Et le risque dépasse le périmètre des équipes. La transparence pourrait aussi modifier la dynamique du recrutement. Afficher un salaire attire davantage de candidats alignés avec la proposition… mais peut en dissuader d’autres, notamment ceux qui ne se reconnaissent pas dans la fourchette, ou qui sous-estiment leur valeur. Certaines entreprises observent déjà une baisse de diversité des candidatures lorsque les salaires sont rendus publics, selon Le Monde. À l’inverse, des profils très motivés par la rémunération risquent d’affluer, complexifiant encore les arbitrages pour les RH. Dans un marché de l’emploi déjà sous tension, notamment dans l’IT, l’industrie ou la maintenance, l’équation pourrait devenir plus délicate à résoudre.

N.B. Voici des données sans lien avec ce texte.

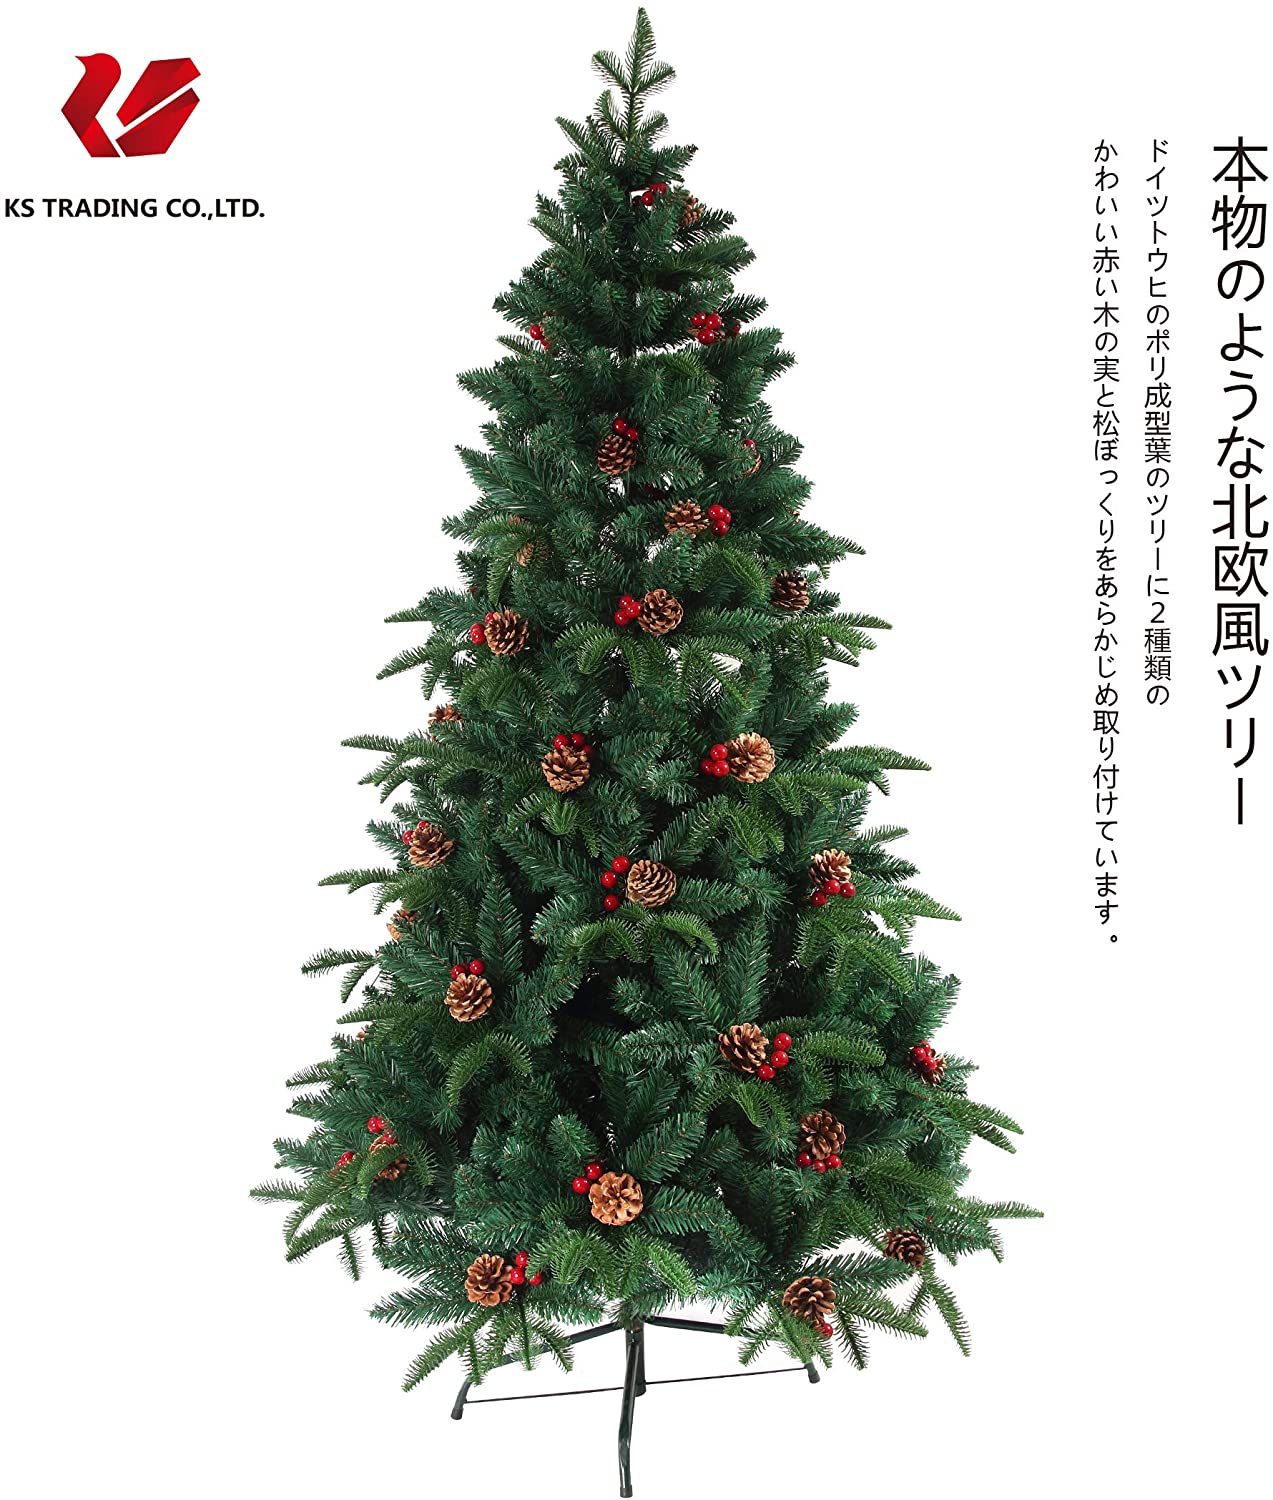 クリスマスツリー 松ぼっくり 送料無料 木の実付き 150cm - クリスマス

Le renversement de la charge de la preuve, un séisme juridique
La directive introduit aussi un changement juridique majeur : le renversement de la charge de la preuve. Jusqu’ici, c’était au salarié de démontrer qu’il subissait une inégalité de traitement. Demain, ce sera à l’entreprise de prouver que sa politique salariale est objective, non discriminante et conforme aux critères qu’elle affiche. Un basculement qui inquiète déjà les directions : un écart mal justifié pourrait ouvrir la porte à des contentieux, voire à des actions de groupe. Dans un contexte où les prud’hommes enregistrent de plus en plus de dossiers liés aux rémunérations, l’alerte est prise au sérieux.
Certains y voient toutefois une opportunité. Ce mouvement de transparence oblige aussi les organisations à clarifier leur politique, à dépasser les pratiques historiques et à instaurer plus d’équité. Dans les grandes entreprises déjà structurées – Schneider, Carrefour, Nickel, pour ne citer que celles qui communiquent ouvertement –, les bases existent déjà : grilles formalisées, critères en partie objectivés, fourchettes affichées dans les offres d’emploi. Pour elles, la directive est moins un bouleversement qu’une accélération. Les spécialistes du recrutement le rappellent : une politique salariale lisible renforce la confiance et limite les fantasmes. Elle peut même devenir un atout de fidélisation à l’heure où les mobilités professionnelles sont constantes.
Une opportunité à saisir, à condition de s’y préparer maintenant
Les experts le martèlent : ne pas attendre. Les organisations qui prennent les devants – nettoyage des données, création de grilles fiables, formation des managers, communication interne – navigueront plus sereinement. À l’inverse, celles qui repousseront l’échéance risquent une cascade de rattrapages coûteux, une perte de confiance ou un choc de transparence brutal le jour de l’entrée en vigueur. Une perspective à haut risque dans un marché de l’emploi déjà fragile et un climat social parfois tendu.
La transparence salariale n’est pas une baguette magique. Elle ne réglera pas en un claquement de doigts tous les écarts, toutes les pratiques héritées, toutes les tensions. Mais elle marque un tournant : celui d’une relation au travail où les règles cessent d’être tacites, où l’information cesse d’être une faveur, et où les entreprises doivent désormais prouver leur équité, et non simplement l’affirmer. Un bouleversement culturel majeur – qui pourrait, bien mené, faire entrer le monde du travail dans une ère de clarté attendue depuis longtemps.